The world is emblematic. Parts of speech are metaphors because the whole of nature is a metaphor of the human mind. The laws of moral nature answer to those of matter as face to face in a glass.

Because the laws of the material world correspond to higher laws in the spiritual world, man may "by degrees" comprehend the universal through his familiarity with its expression in nature. Emerson states that the symbolism of matter renders "every form significant to its hidden life and final cause." Moral law, as he suggests in "Discipline," "lies at the centre of nature and radiates to the circumference." At the end of "Language," Emerson works toward the ideal theory in presenting all the particulars of nature as preexisting "in necessary Ideas in the mind of God, and are what they are by preceding affections, in the world of spirit." He writes that a fact is "the end or last issue of spirit. The visible creation is the terminus or the circumference of the invisible world." Matter thus issues from and is secondary to spirit.

In "Idealism" and "Spirit," Emerson takes a philosophical leap in asking whether nature exists separately, or whether it is only an image created in man's mind by God. Although he says that the answer cannot be known, and that it makes no difference in man's use of nature, he suggests that idealism is preferable to viewing nature as concrete reality because it constitutes "that view which is most desirable to the mind." Emerson supports the ideal theory by pointing to the ways in which poetry, philosophy, science, religion, and ethics subordinate matter to higher truth. But he also acknowledges that idealism is hard to accept from the commonsensical point of view — the view of those who trust in rationality over intuition. "The broker, the wheelwright, the carpenter, the toll-man, are much displeased at the intimation," he writes at the beginning of "Idealism." Correspondence provides a bridge between matter and spirit. In denying the actual existence of matter, idealism goes much farther.

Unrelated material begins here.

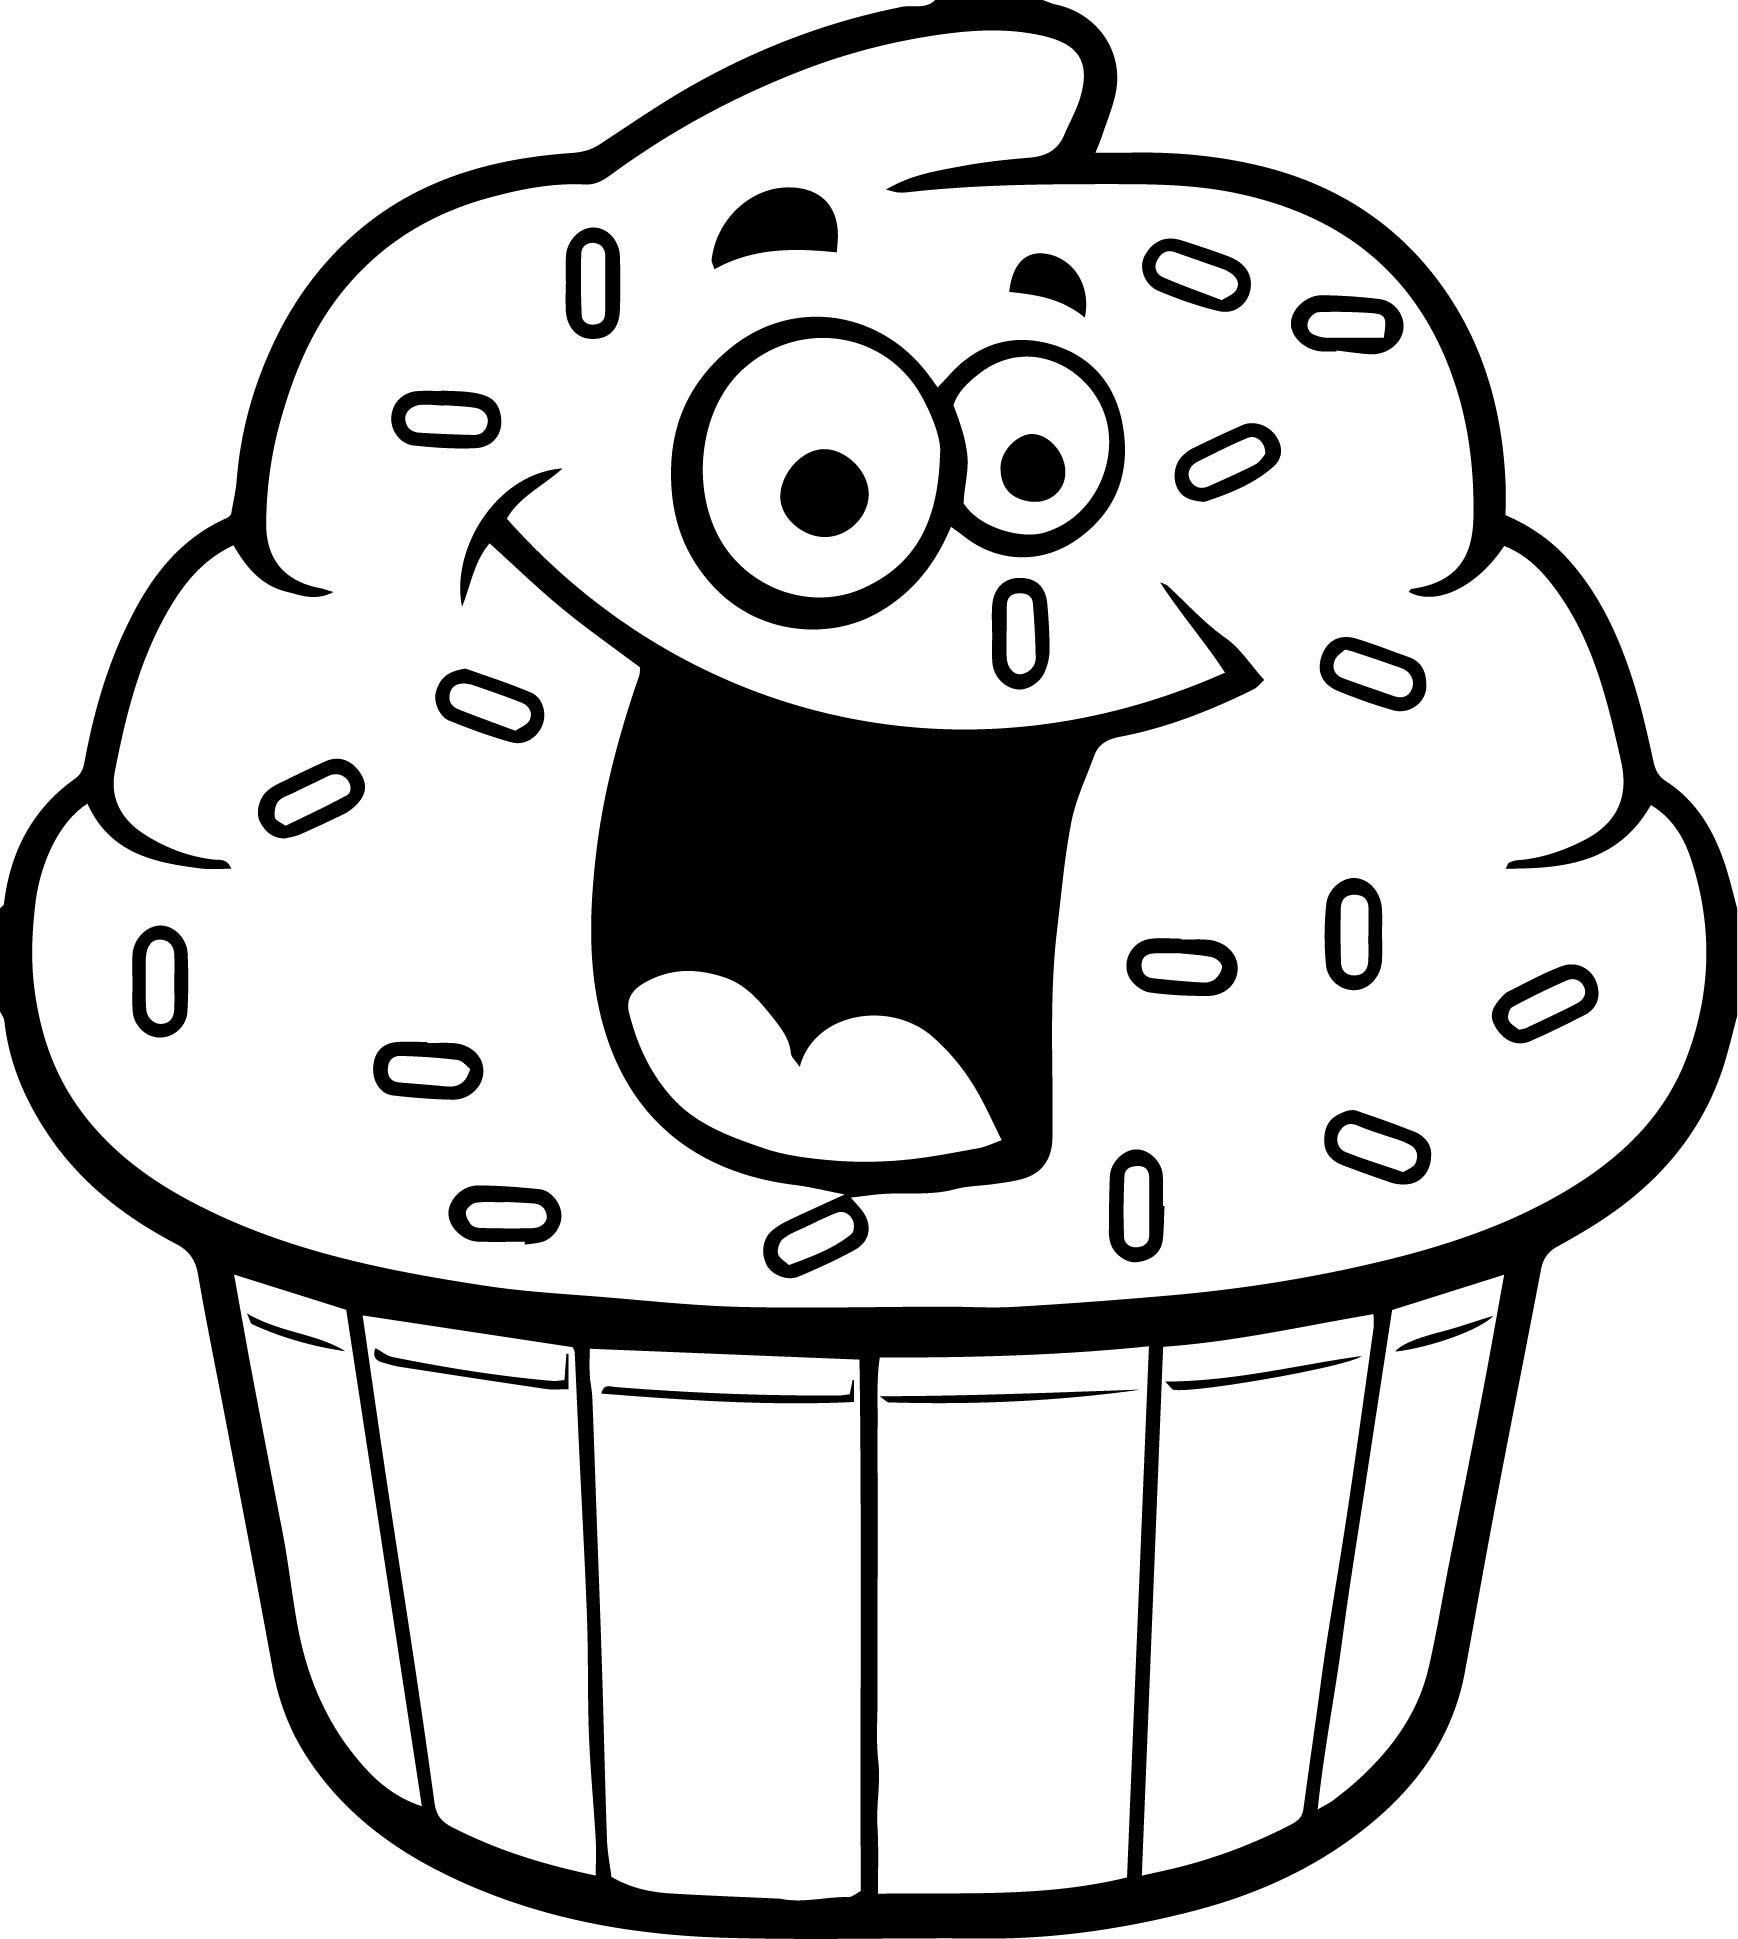 Cartoon Cupcake Coloring Page

In various ways in Nature, Emerson appears to suggest that the natural world does, in fact, exist separately from spirit. For instance, he carefully distinguishes between man's inner qualities and his physical existence, between the "ME" and the "NOT ME," which includes one's own body. His progressive argument is marred by this seeming contradiction, and by his hesitancy to state outright that nature is an ideal, even while he discusses it as such. He only goes so far as to say that idealism offers a satisfactory way of looking at nature. But he does not want to sidetrack his reader by attempting to prove that which cannot be proven.

Emerson concludes the essay by asking his readers to open themselves to spiritual reality by trusting in intuitive reason. He writes,

. . . there are far more excellent qualities in the student than preciseness and infallibility; . . . a guess is often more fruitful than an indisputable affirmation, and . . . a dream may let us deeper into the secret of nature than a hundred concerted experiments.

Through receptivity to intuition, we may rise above narrow common sense and transcend preoccupation with material fact per se.